Small, fine-boned hands on her body, delicate fangs sinking again and again into that one area. “Blood Ruby,” she whispered. “The vampire always smelled of Blood Ruby.” The fashionable perfume had been an opulent cage around her senses, and it brought up her gorge still—a stranger on the street, in a store, it didn’t matter. She caught a whiff of it and bile coated her throat as a cold sweat broke out over her body. “I used to dream of slitting her throat and watching her flop about at my feet while I drowned her in that stuff.”

Dmitri’s eyes—dark, so, so dark—met hers. “Would you like to pay her a visit?”

9

Silence. In her mind. In her soul. An endless stillness. “You’ve seen her feed before.” The words shattered the quiet, had her dropping the papers in her hand. They floated to the carpet with a strange, serene grace.

“She’s five hundred years old—peculiar habits tend to get around. Feeding from the femoral artery in the thigh isn’t unusual.” A dangerous pause. “Not between lovers,” he corrected, and it made her wonder if that was how he preferred to drink. “But from the back? It’s muscle.”

“It hurts,” Honor said, not knowing why she admitted that. “That’s why she does it. It always hurts.” Looking down at the gun somehow in her hand again, she said, “Will you stop me if I shoot her?”

“No.” Not even the slightest hesitation. “But you might want to wait until after I finish questioning her—it’d be a bitch to wait for the bullet wound to heal.”

Part of her wasn’t sure if he was joking, but she read the cutting anger in his eyes well enough. She knew it had nothing to do with her. No, what had him ready to mete out the most brutal punishment was the fact that an old vampire he likely trusted to maintain order had been playing some very nasty games. Honor didn’t much care about his motivations if it got her to within killing distance of one of the creatures who had turned her into their own personal “blood pet” for two interminable months.
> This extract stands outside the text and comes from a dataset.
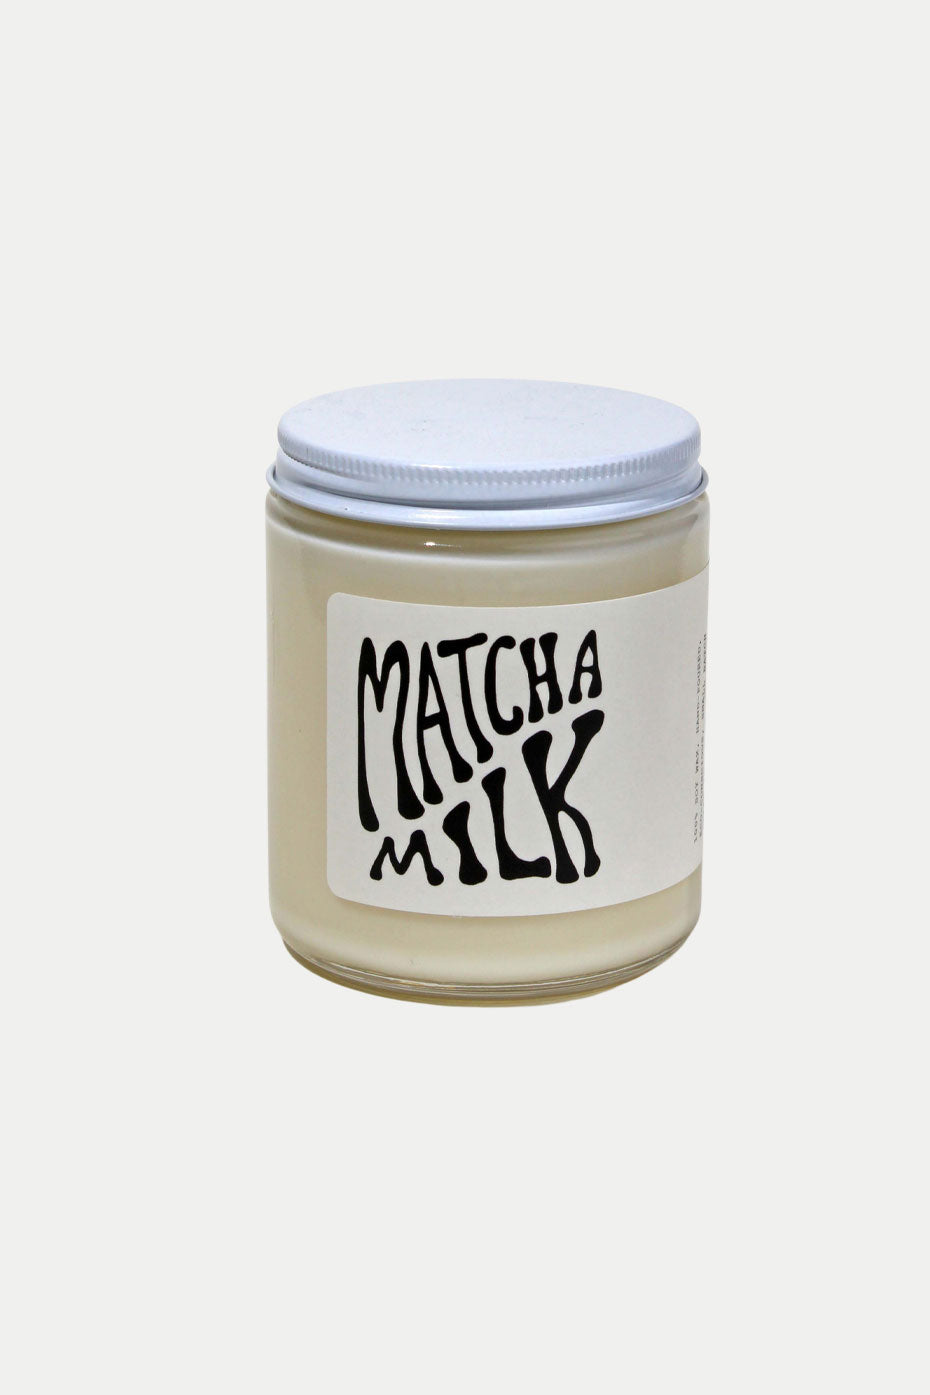 moco-candles-matcha-milk-soy-candle

They pulled up to the gates of an estate in Englewood Cliffs just as dawn was streaking the sky in watercolors of peach, pink, and golden blue. Dmitri had stored her laptop in the trunk of his Ferrari and put down the top. She found a welcome freedom in the crisp whip of the wind, using the time to gather her defenses, to ready herself for the thick, nauseating scent of Blood Ruby.

The gates, tall and ornate and covered with dark green ivy, swung open with stately grace the instant the guard saw the car. The drive was dappled in sun and shadow from the oak trees that lined it, and the house, when it came into view, spoke of another century—a heavy and ostentatious one. “Not a vampire who believes in moving with the times.”

“No.” Dmitri brought the car to a halt in front of the shallow steps that led up to the entrance. “In certain periods, it was the done thing to keep your ‘cattle’ within easy reach. Valeria continues to hold to that practice, though it’s come to be considered an archaic one by most of her contemporaries.”